Wednesday, February 22, 2017

10 Programming Data Structures and Algorithms - in Pictures

I've been studying

...I know, doesn't sound that interesting, right? Well, I noticed that, while studying, I started drawing "icons" to remind myself how each concept works---and to do so quickly

(Plus, I just find sketches more interesting to look at than text anyways.)

There are a lot of data structures and algorithms out there, some of which I just need to brush up on, others are entirely new to me. It's easy to lose track of the important details when there's a lot to catch up on.

I personally find it much easier to quickly scan a visual than to read the same thing in text. So with my "icons", I don't have to re-read the walls of text in my notes (and potentially forget details when I need to code on the spot). Maybe you might find these pictures helpful for review, or as a starting point.
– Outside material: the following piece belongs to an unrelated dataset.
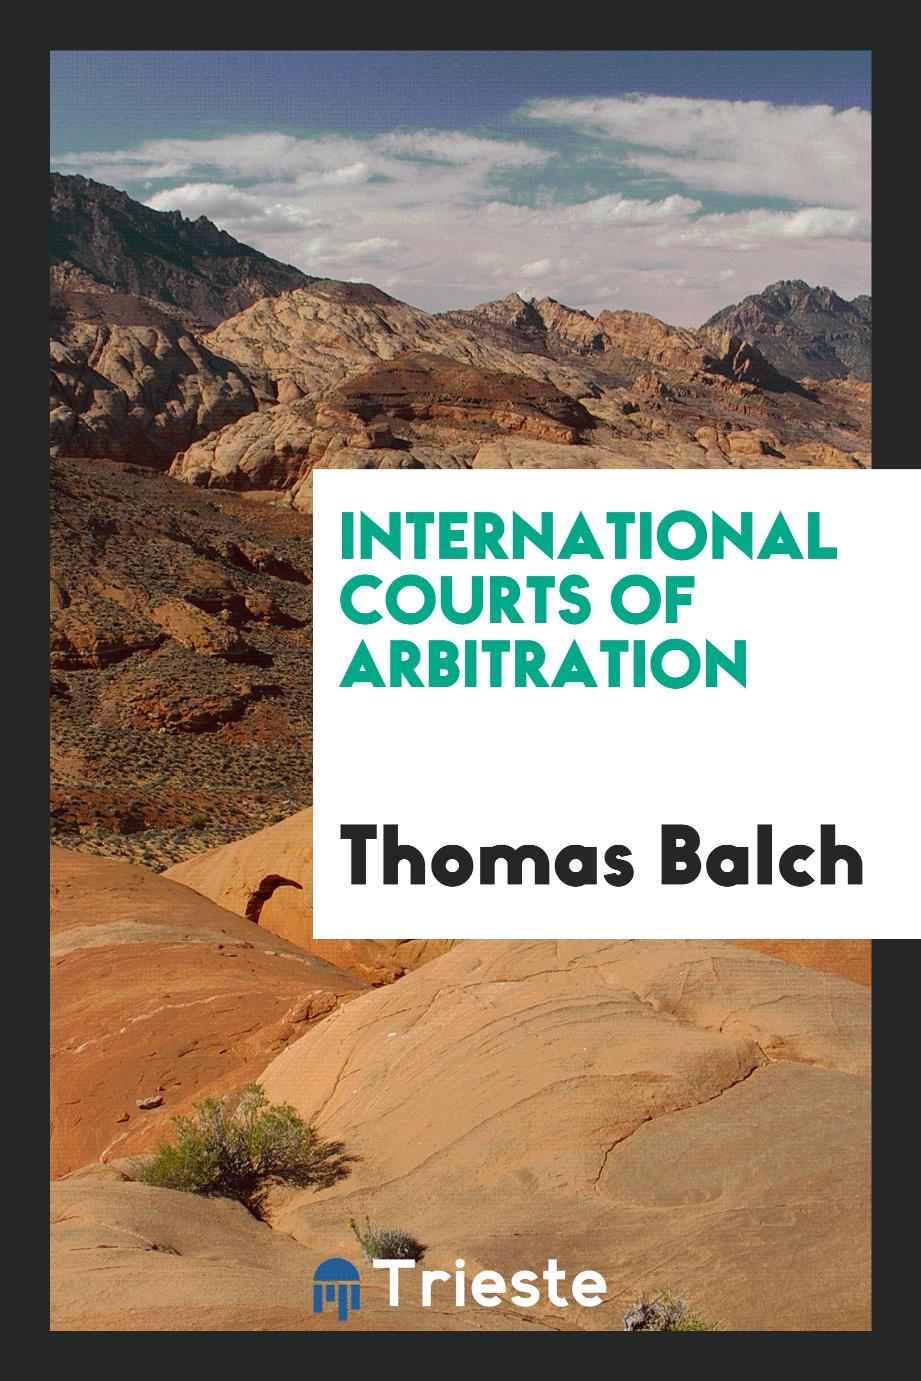 International Courts of Arbitration

The idea is similar to the visual memory-aids I made for an earlier post on learning more efficiently. Deeply learning and connecting concepts can help make memories more robust.

As a final thought, you might find it helpful to also use the method of loci, to keep track of all the concepts under one roof in your mind (with some branching to group details together to each concept). 

For example, my living room couch is my "location" for the hash table. From there it's easy to visualize the insert, delete, search, and rehash functions---using the pillows. Different parts of that couch also serve as reminders of member variables, etc.


Not actually my couch(es). Image from Wikipedia.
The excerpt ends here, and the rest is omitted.